The much higher membrane destabilizing effect of C18sat compared to C18unsat is confirmed by its much greater lipid fusion capacity at both bolaform/lipid ratios investigated.

Destructuration of the vesicles by lipid phase fusion suggests that C18sat could promote the formation of highly curved “stalk” intermediates required for the fusion of membranes [29].

3 Conclusion

The presence of one double bond in the hydrophobic spacer of the xylose-based bolaamphiphile has no influence on its interfacial organization at low compression but impairs the stability of its monolayer at high compression. Saturated and unsaturated molecules are suggested to adopt a loop structure at the interface at low compression.

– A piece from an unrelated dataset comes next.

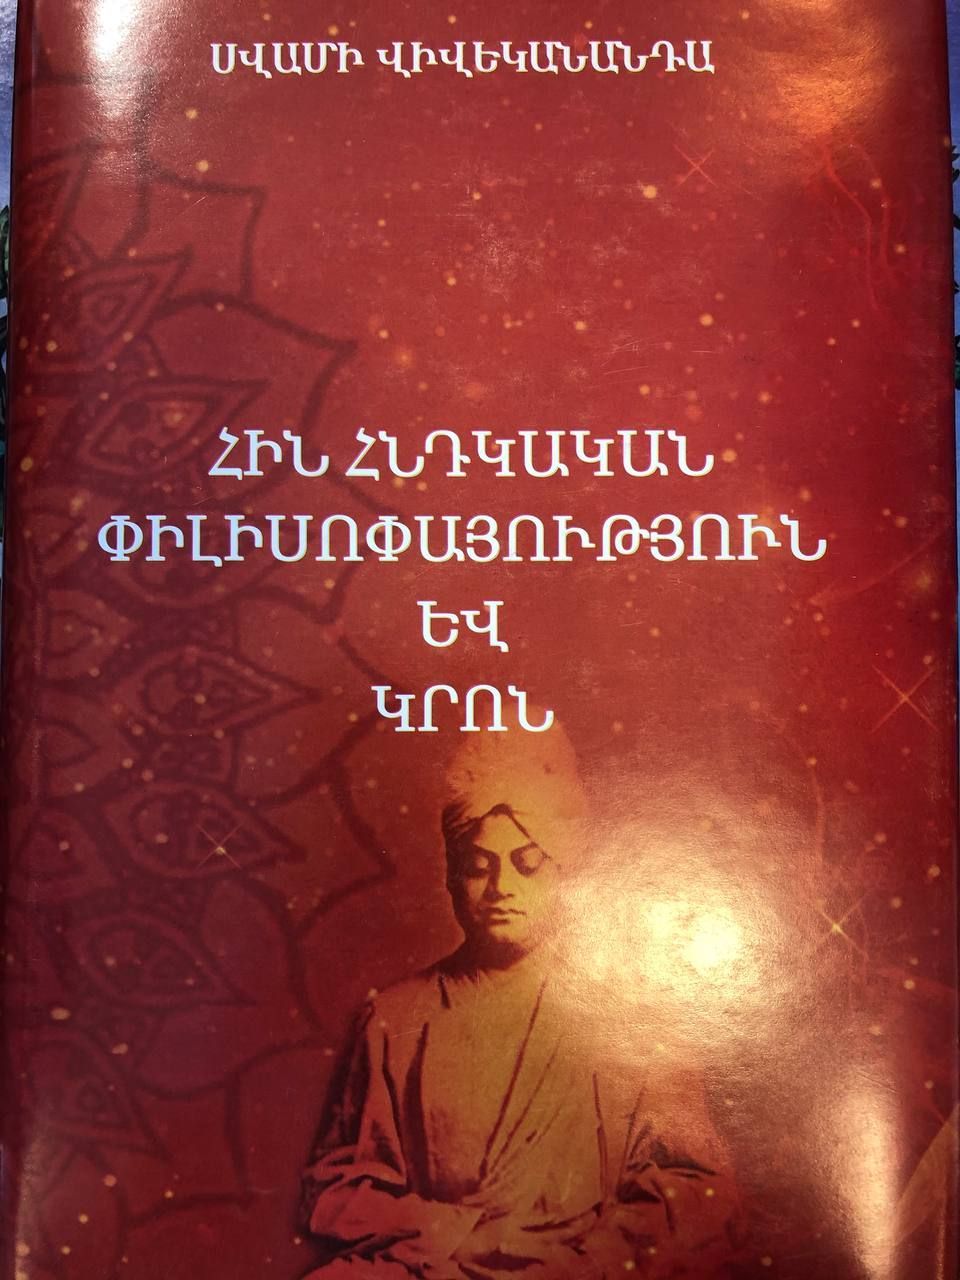 Swami Vivekananda - Ancient Indian Philosophy and Religion

The higher degree of freedom of the saturated hydrophobic spacer does not affect the initial diffusion step of the bolaform from the subphase to the interface but greatly slows the arrangement step at the interface. However, once at the interface, their surface-active properties are similar.

The higher flexibility of the saturated analogue spacer also greatly increases its lipid vesicle destabilizing property. Its rearrangement within the lipid bilayer is in favour of the formation of inverted phases facilitating membrane fusion.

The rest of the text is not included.